Abstract:Simultaneous Localization and Mapping (SLAM) has found an increasing utilization lately, such as self-driving cars, robot navigation, 3D mapping, virtual reality (VR) and augmented reality (AR), etc., empowering both industry and daily life. Although the state-of-the-art algorithms where developers have spared no effort are source of intelligence, it is the datasets that dedicate behind and raise us higher. The employment of datasets is essentially a kind of simulation but profits many aspects - capacity of drilling algorithm hourly, exemption of costly hardware and ground truth system, and equitable benchmark for evaluation.
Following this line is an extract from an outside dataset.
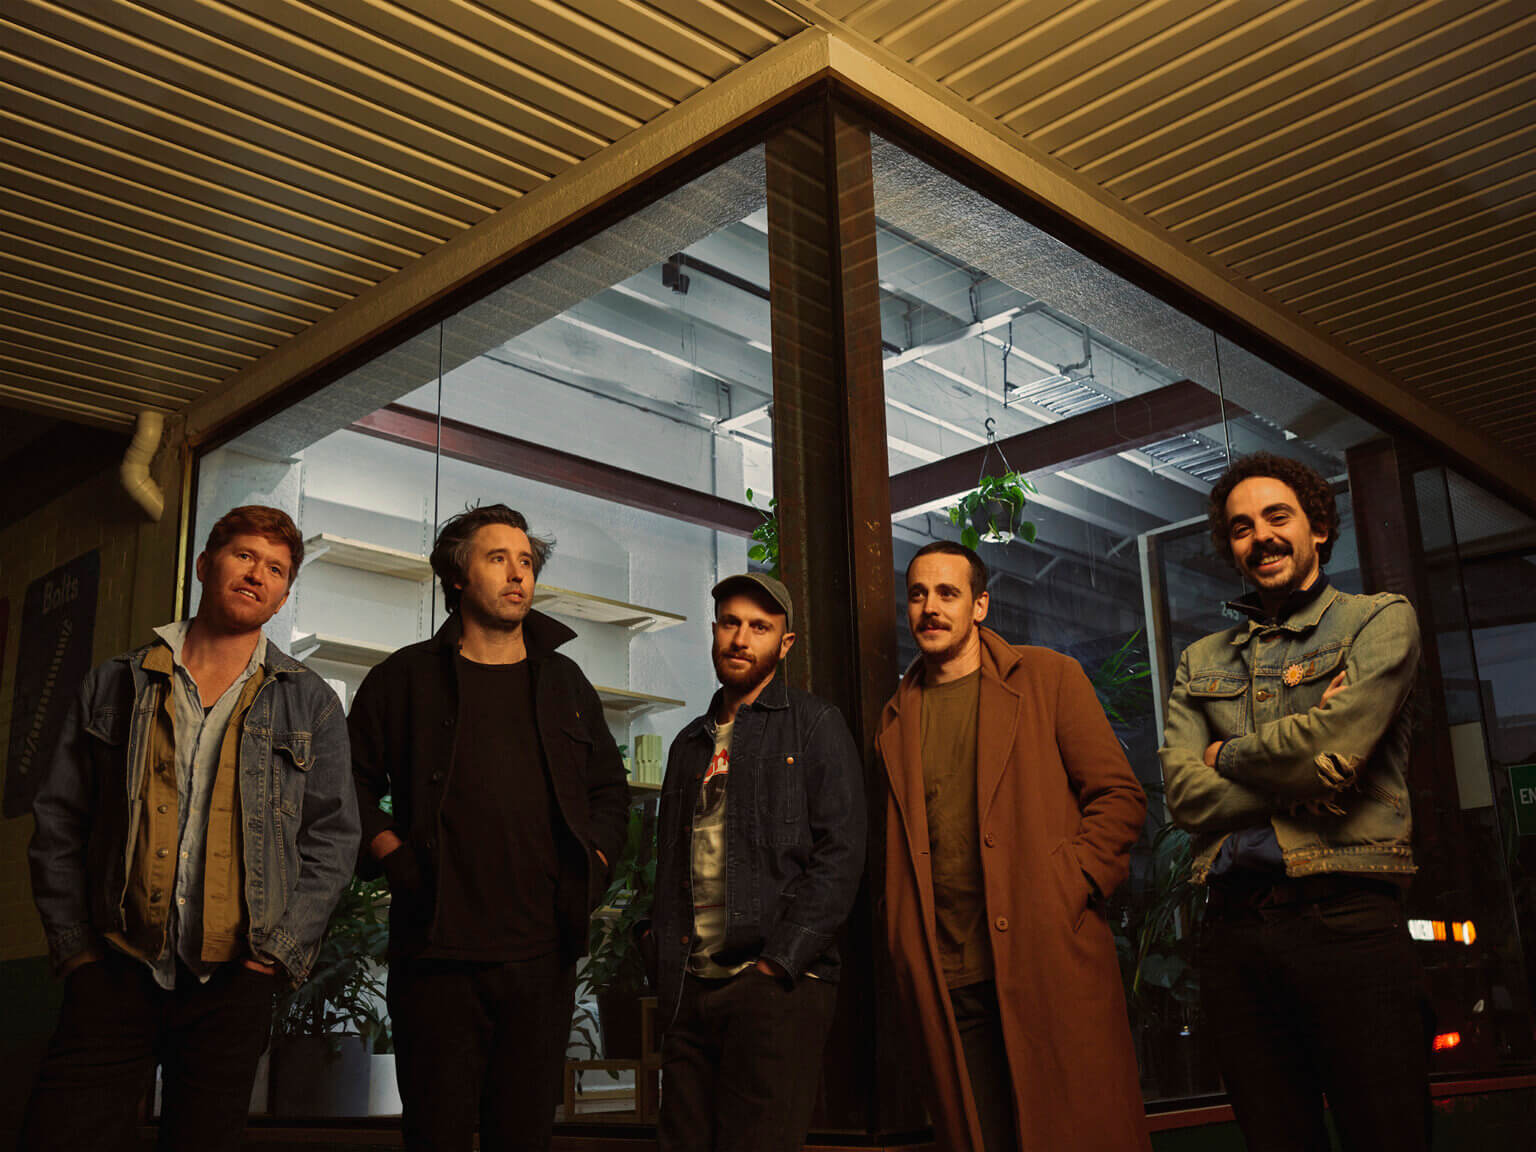 Rolling Blackouts Coastal Fever have shared a video for “The Only One” off their current release Sideways To New Italy, out now via Sub Pop

However, as a branch of great significance, still the datasets have not drawn wide attention nor been reviewed thoroughly. Hence in this article, we strive to give a comprehensive and open access review of SLAM related datasets and evaluation, which are scarcely surveyed while highly demanded by researchers and engineers, looking forward to serving as not only a dictionary but also a development proposal. The paper starts with the methodology of dataset collection, and a taxonomy of SLAM related tasks. Then followed with the main portion - comprehensively survey the existing SLAM related datasets by category with our considerate introductions and insights. Furthermore, we talk about the evaluation criteria, which are necessary to quantify the algorithm performance on the dataset and inspect the defects. At the end, we summarize the weakness of datasets and evaluation - which could well result in the weakness of topical algorithms - to promote bridging the gap fundamentally.